All 7 persons I checked had SSN numbers. It was correct for 1 person but I don't know for the other 6. The SSN numbers were consistent for each of the 7 persons I checked on. By this I mean that a person did not have more than 1 SSN number, at least among the 7 persons I checked on.

By @albert_e - 2 months
off topic

does HIBP automatically cover plus addressing variants of an email

example I submit johndoe@example.com

but a breach had johndoe+verizon@example.com

will it match

By @toomuchtodo - 2 months
Ahh, cool, pour the corpus through GPTs and start tweeting Congressional rep personal info at them until they pass a law to outlaw data brokers (in keeping with historical precedent [1] [2]).

[1] https://en.wikipedia.org/wiki/Video_Privacy_Protection_Act

[2] https://jolt.law.harvard.edu/digest/dodging-the-thought-poli...

By @ghm2180 - 2 months
I am just dreading the day when a near simultaneous cyberattack on a high number of(more vulnerable like middle-lower income individuals) start in a DDoS fashion:

1. Credit histories will be(unlocked) used to file multiple credit applications and tax credits will be applied for.
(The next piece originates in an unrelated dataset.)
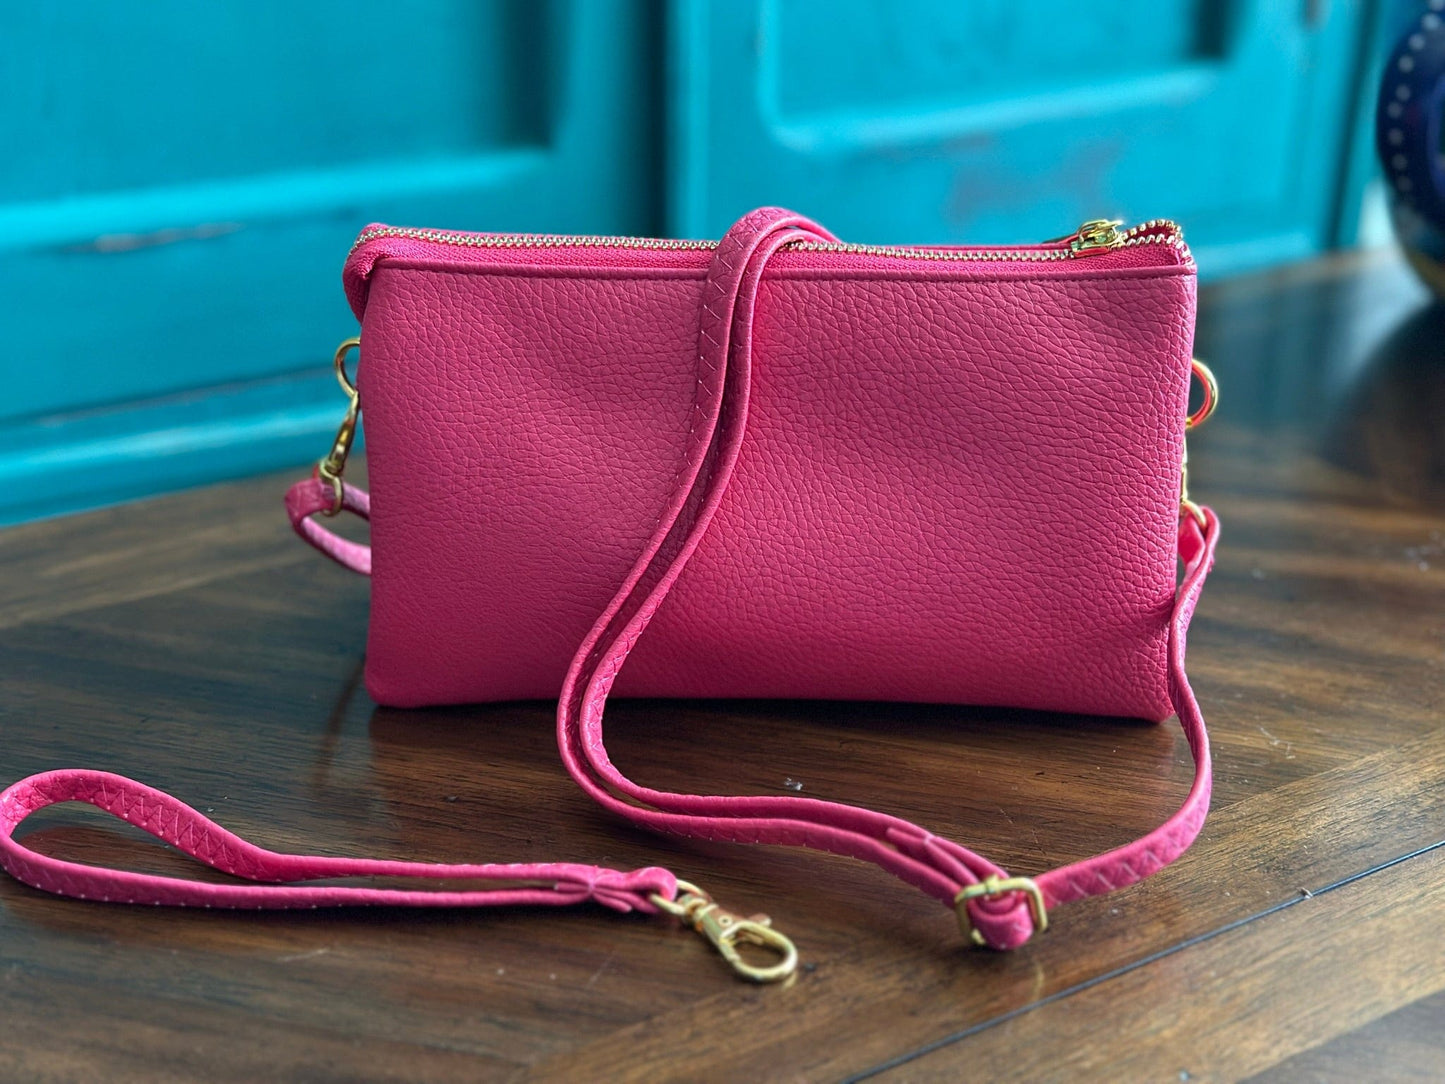 BRIGHT PINK WRISTLET OR PURSE

2. Multiple Cell phones will be hijacked through Sim Hijacking or other zeroday attacks to make it very difficult to get back in.
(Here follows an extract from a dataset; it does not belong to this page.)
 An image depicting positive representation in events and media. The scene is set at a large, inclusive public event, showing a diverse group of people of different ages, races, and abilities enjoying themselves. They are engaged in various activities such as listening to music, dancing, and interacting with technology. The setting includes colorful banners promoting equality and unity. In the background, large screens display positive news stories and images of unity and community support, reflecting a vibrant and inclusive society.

3. A person's profile will be used to attack the most vulnerable things: - Their families will get fake calls to create confusion. - Their financial services will be frozen or worst weak 2fac auth ones will be compromised.

4. Deep fake image and videos will be created from compromised accounts to sow further mayhem.

This already happens in targeted and one startegy of teh other fashion. Imagine what one could do with a bit more compute and completed profiles and orchestrate this kind of terrible vengeance.

By @layer8 - 2 months
TL;DR:

> an intriguing story that doesn't require any further action.